__Records from a collection__:
_ _ _

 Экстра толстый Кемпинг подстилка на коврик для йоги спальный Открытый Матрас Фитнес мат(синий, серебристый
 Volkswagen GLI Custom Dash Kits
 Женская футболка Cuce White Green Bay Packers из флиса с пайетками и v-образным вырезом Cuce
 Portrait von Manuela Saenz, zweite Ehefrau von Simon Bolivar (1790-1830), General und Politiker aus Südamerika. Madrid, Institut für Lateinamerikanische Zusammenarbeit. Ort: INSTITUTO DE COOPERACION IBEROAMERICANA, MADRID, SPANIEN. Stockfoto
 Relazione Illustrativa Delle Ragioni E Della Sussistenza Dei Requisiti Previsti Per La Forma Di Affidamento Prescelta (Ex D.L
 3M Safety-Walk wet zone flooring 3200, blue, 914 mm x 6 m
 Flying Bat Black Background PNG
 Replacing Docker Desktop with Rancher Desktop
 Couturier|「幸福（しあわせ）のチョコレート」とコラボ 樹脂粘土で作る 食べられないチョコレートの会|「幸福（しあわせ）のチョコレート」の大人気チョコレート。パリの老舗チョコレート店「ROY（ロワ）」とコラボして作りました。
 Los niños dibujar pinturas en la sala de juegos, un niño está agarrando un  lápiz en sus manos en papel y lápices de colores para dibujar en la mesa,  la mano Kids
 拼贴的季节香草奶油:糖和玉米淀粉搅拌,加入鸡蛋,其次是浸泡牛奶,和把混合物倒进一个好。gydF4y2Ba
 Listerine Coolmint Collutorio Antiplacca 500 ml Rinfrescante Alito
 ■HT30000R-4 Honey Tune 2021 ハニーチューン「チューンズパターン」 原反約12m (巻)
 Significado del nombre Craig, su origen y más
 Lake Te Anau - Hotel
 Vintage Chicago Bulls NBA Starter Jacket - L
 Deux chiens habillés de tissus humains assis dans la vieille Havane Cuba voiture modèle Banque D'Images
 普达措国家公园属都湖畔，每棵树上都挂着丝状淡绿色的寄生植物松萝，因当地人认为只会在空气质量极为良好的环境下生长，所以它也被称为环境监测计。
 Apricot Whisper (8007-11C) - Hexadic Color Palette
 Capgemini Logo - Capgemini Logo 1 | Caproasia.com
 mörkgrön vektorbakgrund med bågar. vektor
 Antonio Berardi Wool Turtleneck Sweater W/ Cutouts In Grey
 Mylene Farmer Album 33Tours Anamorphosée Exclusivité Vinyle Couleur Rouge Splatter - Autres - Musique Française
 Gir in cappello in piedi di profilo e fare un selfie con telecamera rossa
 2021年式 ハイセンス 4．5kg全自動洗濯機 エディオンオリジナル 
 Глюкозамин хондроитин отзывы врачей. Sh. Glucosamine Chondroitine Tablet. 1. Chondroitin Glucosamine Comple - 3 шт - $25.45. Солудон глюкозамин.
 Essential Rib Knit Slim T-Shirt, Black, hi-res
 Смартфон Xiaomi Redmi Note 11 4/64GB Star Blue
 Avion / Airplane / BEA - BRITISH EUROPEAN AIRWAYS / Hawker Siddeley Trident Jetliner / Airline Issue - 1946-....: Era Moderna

_ _ _

__WHAT TO DO__:
Could you print the lines of the records above from the one containing "Los niños dibujar" through the last, exactly and with no additions?

__RESULT FOR THIS TASK__:
 Los niños dibujar pinturas en la sala de juegos, un niño está agarrando un  lápiz en sus manos en papel y lápices de colores para dibujar en la mesa,  la mano Kids
 拼贴的季节香草奶油:糖和玉米淀粉搅拌,加入鸡蛋,其次是浸泡牛奶,和把混合物倒进一个好。gydF4y2Ba
 Listerine Coolmint Collutorio Antiplacca 500 ml Rinfrescante Alito
 ■HT30000R-4 Honey Tune 2021 ハニーチューン「チューンズパターン」 原反約12m (巻)
 Significado del nombre Craig, su origen y más
 Lake Te Anau - Hotel
 Vintage Chicago Bulls NBA Starter Jacket - L
 Deux chiens habillés de tissus humains assis dans la vieille Havane Cuba voiture modèle Banque D'Images
 普达措国家公园属都湖畔，每棵树上都挂着丝状淡绿色的寄生植物松萝，因当地人认为只会在空气质量极为良好的环境下生长，所以它也被称为环境监测计。
 Apricot Whisper (8007-11C) - Hexadic Color Palette
 Capgemini Logo - Capgemini Logo 1 | Caproasia.com
 mörkgrön vektorbakgrund med bågar. vektor
 Antonio Berardi Wool Turtleneck Sweater W/ Cutouts In Grey
 Mylene Farmer Album 33Tours Anamorphosée Exclusivité Vinyle Couleur Rouge Splatter - Autres - Musique Française
 Gir in cappello in piedi di profilo e fare un selfie con telecamera rossa
 2021年式 ハイセンス 4．5kg全自動洗濯機 エディオンオリジナル 
 Глюкозамин хондроитин отзывы врачей. Sh. Glucosamine Chondroitine Tablet. 1. Chondroitin Glucosamine Comple - 3 шт - $25.45. Солудон глюкозамин.
 Essential Rib Knit Slim T-Shirt, Black, hi-res
 Смартфон Xiaomi Redmi Note 11 4/64GB Star Blue
 Avion / Airplane / BEA - BRITISH EUROPEAN AIRWAYS / Hawker Siddeley Trident Jetliner / Airline Issue - 1946-....: Era Moderna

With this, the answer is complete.